Details of string manipulation and encoding Unicode in Python
- 2020-05-24 05:47:43
- OfStack
This article mainly introduces you about Python string operation and encoding Unicode 1 some knowledge, the following words do not say, need friends to learn from the following 1.
String type
str
: Unicode string. Strings constructed using either '' or r' are str, and single quotes can be replaced by double or 3 quotes. No matter which way you specify it, it makes no difference when stored inside Python.
bytes
: 2 base string. Since files in other formats such as jpg cannot be displayed in str, bytes is used. Each byte of bytes is a number between 0 and 255. If you print, Python will display ASCII as the part that can be represented by ASCII for easy reading. bytes supports almost all str methods except formatting, even including the re module
bytearray()
: a string in base 2 that can be changed in place.
utf-8 coding range
范围 | 字节数 | 存储格式 |
0x0000~0x007F (0 ~ 127) | 1字节 | 0xxxxxxx |
0x0080~0x07FF(128 ~ 2047) | 2字节 | 110xxxxx 10xxxxxx |
0x0800~FFFF(2048 ~ 65535) | 3字节 | 1110xxxx 10xxxxxx 10xxxxxx |
0x10000~1FFFFFF(65536 ~ 2097152) | 4字节 | 11110xxx 10xxxxxx 10xxxxxx 10xxxxxx |
0x2000000~0x3FFFFFF | 5字节 | 111110xx 10xxxxxx 10xxxxxx 10xxxxxx 10xxxxxx |
0x4000000~0x7FFFFFFF) | 6字节 | 1111110x 10xxxxxx 10xxxxxx 10xxxxxx 10xxxxxx 10xxxxxx |
Byte order marks BOM
BOM is short for byte order marker,
Specifies the rules for coding writes
Python will not write the BOM header when writing to a file using the 'utf-8' encoding, but if you specify the 'utf-8-sig' encoding, Python will be forced to write 1 BOM header.

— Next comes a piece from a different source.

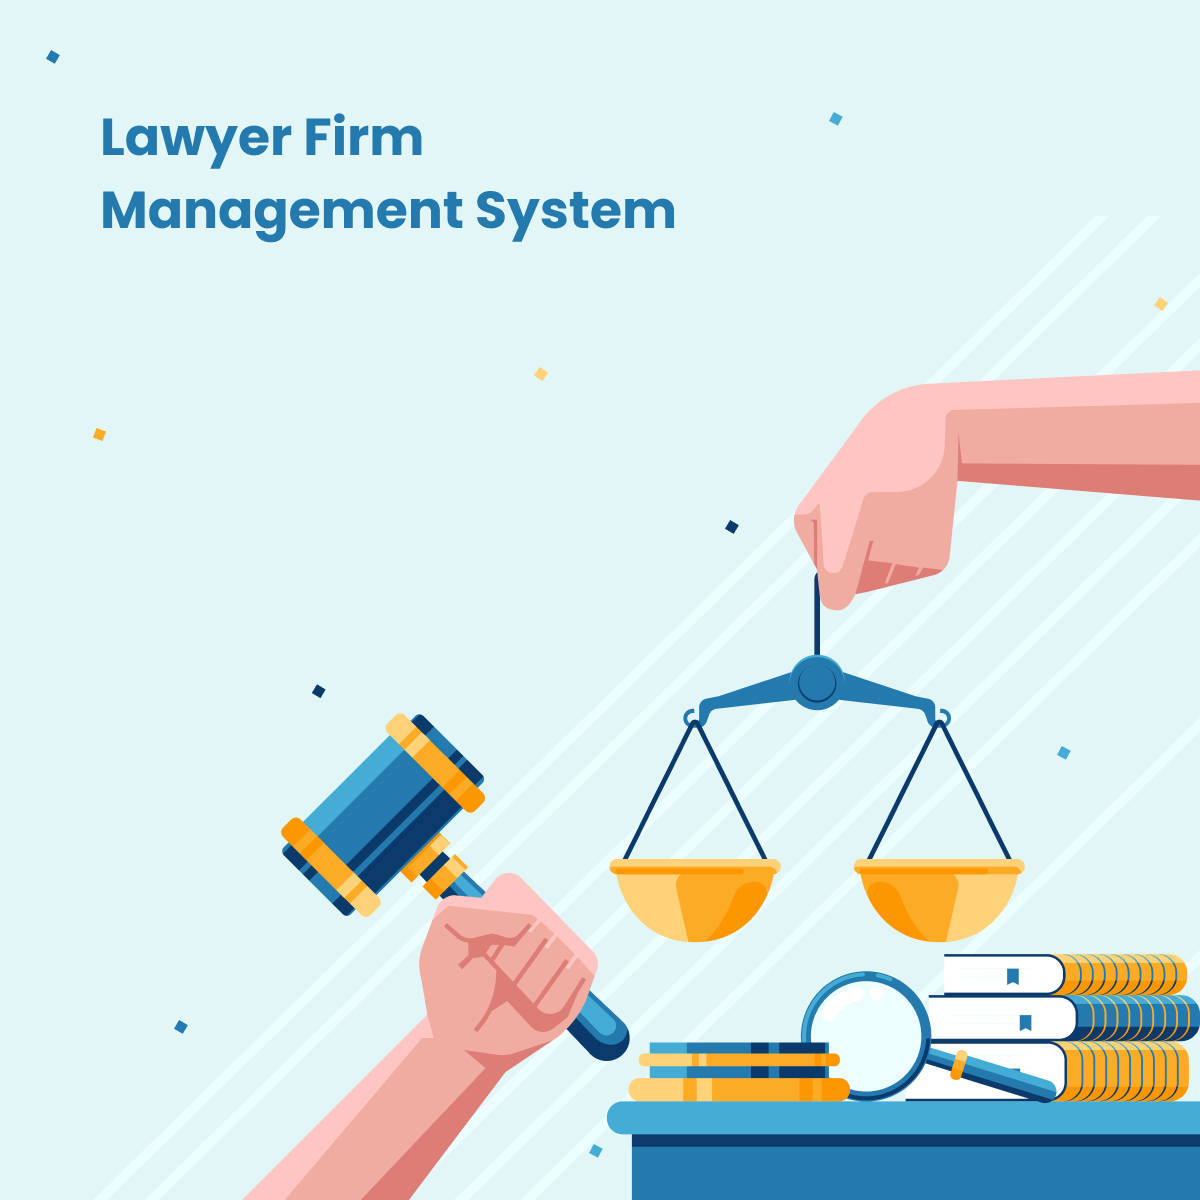 Lawyer firm management system

Using 'utf-16-be' will not write an BOM header, but using 'utf-16' will write an BOM header.
>>> open('h.txt','w',encoding='utf-8-sig').write('aaa')
3
>>> open('h.txt','rb').read()
b'\xef\xbb\xbfaaa'
>>> open('h.txt','w',encoding='utf-16').write('bbb')
3
>>> open('h.txt','rb').read()
b'\xff\xfeb\x00b\x00b\x00'
>>> open('hh.txt','w',encoding='utf-16-be').write('ccc')
3
>>> open('hh.txt','rb').read()
b'\x00c\x00c\x00c'
>>> open('h.txt','w',encoding='utf-8').write('ddd')
3
>>> open('h.txt','rb').read()
b'ddd'
The rule at read time
If the correct encoding is specified, BOM will ignore it, otherwise BOM will display as garbled or return an exception.
>>> open('h.txt','r').read()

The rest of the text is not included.